If this is not practical, let me know. Oh- if it helps, we could ask the user to select the output strings from a list, since I know the controlled vocabulary for the columns in question. If all versions of this idea are too many moving parts, likely to break, unwise for any reason, then I think our usual mapping method is a decent fallback option, in which case I can use the samples I've seen to make you a first draft mapping.

Does that help?

eliagbayani commented 1 day ago

@jhammock Thanks!, I understand now. And yes, it will be nice after we provide the deduplicated raw values; we also show the correct controlled vocabulary list for each field as a guide for the user.

jhammock commented 1 day ago

Cool. I'll get to work on the controlled vocabulary lists.

One more belated thing, for 3.ii : it's the reference that should be identified for the reconnection, one way or another, not the taxon. The relationship may be several taxa -> one reference.

jhammock commented 1 day ago

FTR I'm not wedded to anyStyle if you want to try an alternative product. We could also try looking the references up (google scholar or something?) instead of parsing them, if that's an option. One of the issues I've run into is incomplete references (eg: title, author, date but no journal name) which might benefit from some reference -matching, so that could be a value add...

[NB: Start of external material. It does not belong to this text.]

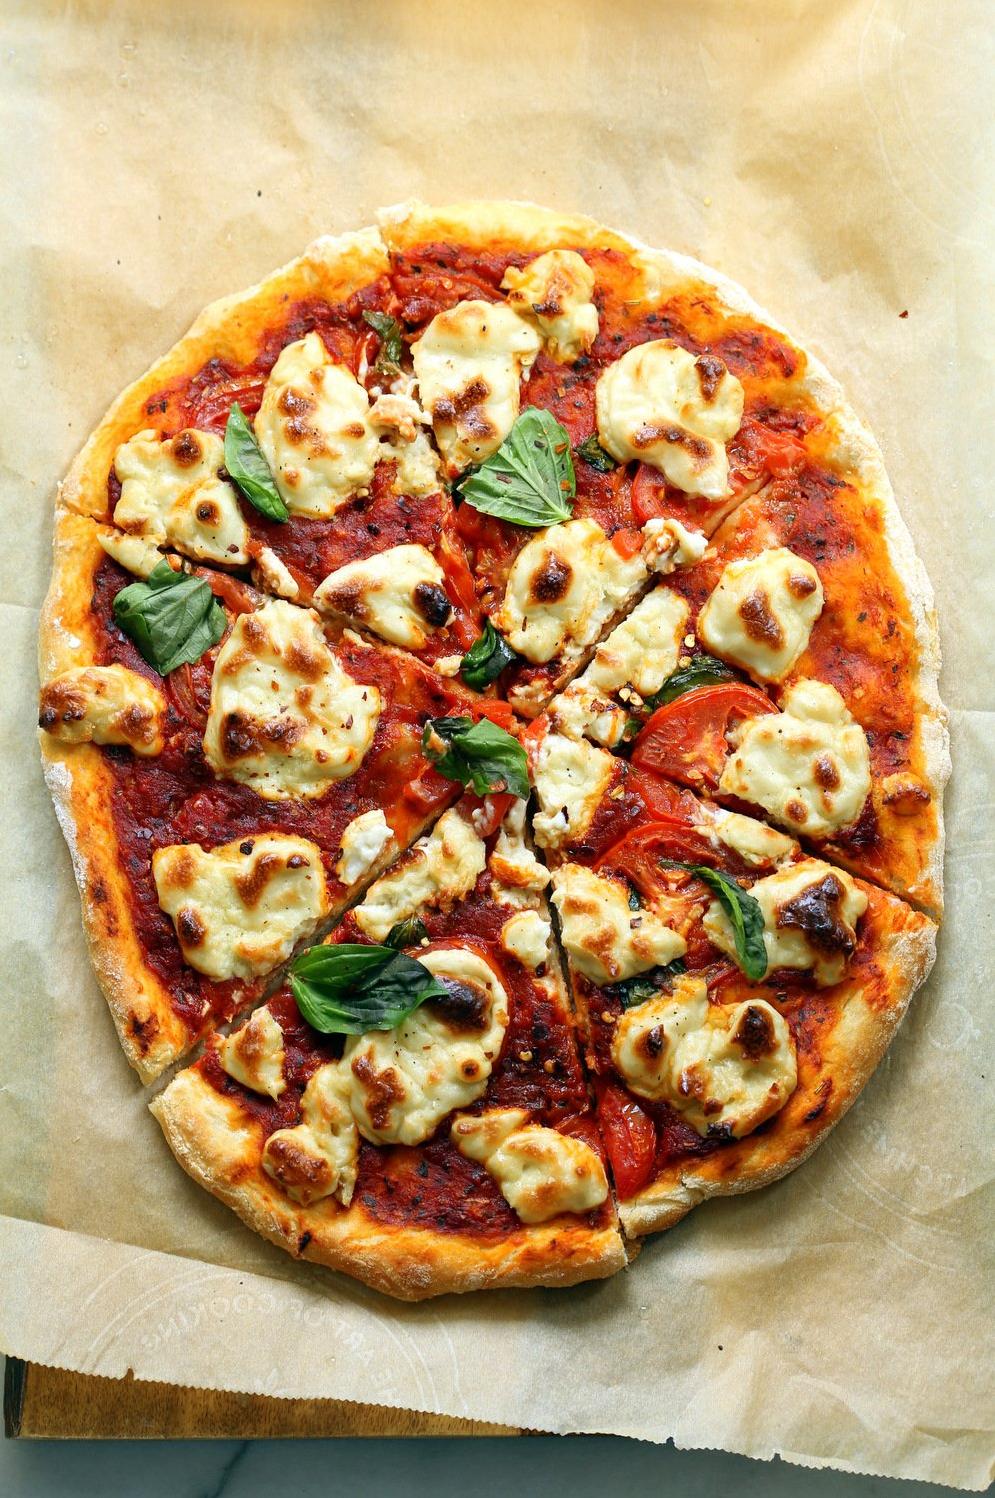  Simple but delicious, the vegan Margherita pizza.

eliagbayani commented 10 hours ago

@jhammock I checked yesterday the other options for citation parser (ParaCite, ParCite etc.) and reference lookup like CrossRef. But I find AnyStyle parsing to be sound and high up on the list of parsers. Unfortunately I can only run it locally, until @JRice was able to install AnyStyle in eol-archive and also fix-up Ruby 2.5. Thanks Jeremy! Now we can use AnyStyle in the server and in our upcoming web form tool.

Jen, maybe we can use both a citation parser (AnyStyle) and a lookup (CrossRef or Google Scholar) for added value in our References output. We will see. Thanks.

jhammock commented 10 hours ago

Yup, that sounds good. Glad to hear AnyStyle is available to us.